Etieag – Muir is Tir

I am really excited to have been offered a place on the Muir is Tir Artist Residency with Sail Britain and An Lanntair to the Shiant Isles, from the 28th June to 4th July.

At the Scottish Mountaineering Press’ Creatives Live & Mèinn event in February 2024 for the Fort William Mountain Festival, I listened to Màiri NicGillìosa talk about her artistic practice and connection to her home, the Isle of Lewis. She also mentioned “etieag”, the Gaelic word for a ‘quartz pebble’.
I wonder about quartz on Lewis, so precious it has a name. Where can you find it? Huge boulders clustered along the high tide lines, frozen veins of white lightning in the rock, smooth pebbles gently placed on the sunken eyelids of the dead, or as polished gems decorating the thick hair of the Na Fir Ghorma?
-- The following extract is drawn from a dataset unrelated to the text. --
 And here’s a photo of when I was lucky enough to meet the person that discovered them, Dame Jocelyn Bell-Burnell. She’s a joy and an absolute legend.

Quartz is a common mineral, but its fiery birth is so different to the lush peatland and cool waters of the lochs and seaways of Lewis and the Shiant Isles. My PhD is in geological interpretation, I’m interested in how people personally understand and connect with the geology around them. To wonder how the world around us formed, to question our place in time, is to be human.
The Shiant Isles are mostly formed of thick, horizontal igneous intrusions called sills which were forced between layers in fossiliferous Jurassic sediments. The boundaries in between show a gap in time and are called unconformities. John MacCulloch was the first recorded geologist to visit the Shiants in 1819 and clearly describes the different rock types in ‘A Description of the Western Islands’. Conventional sciences consider unconformities as first recognised at Siccar Point in 1788 by the Scottish geologist James Hutton. However, I believe these structures to be clear and visible features in the landscape, important changes in rock type that were already recognised by local people.
I’m going to use my time on the Muir is Tir residency to explore the geology and landscape through my creative practice and discussions with others. I like to paint quickly and freely with watercolours, to write and to take photos and video recordings as I work. I want use this to better understand the role of geology for the people of Lewis and how this has been translated into place names, folklore and tradition. I am especially interested in finding geological features like quartz and unconformities and considering how people in the past interpreted them.
I had an amazing time on the “Land and Sea” residency to Skye and around the Small Isles with Sail Britain last year. Travelling by sailing ship, living simply, eating together, talking about life and place and feelings and colour. I am really excited to experience this again in a completely different way through the Muir is Tir residency.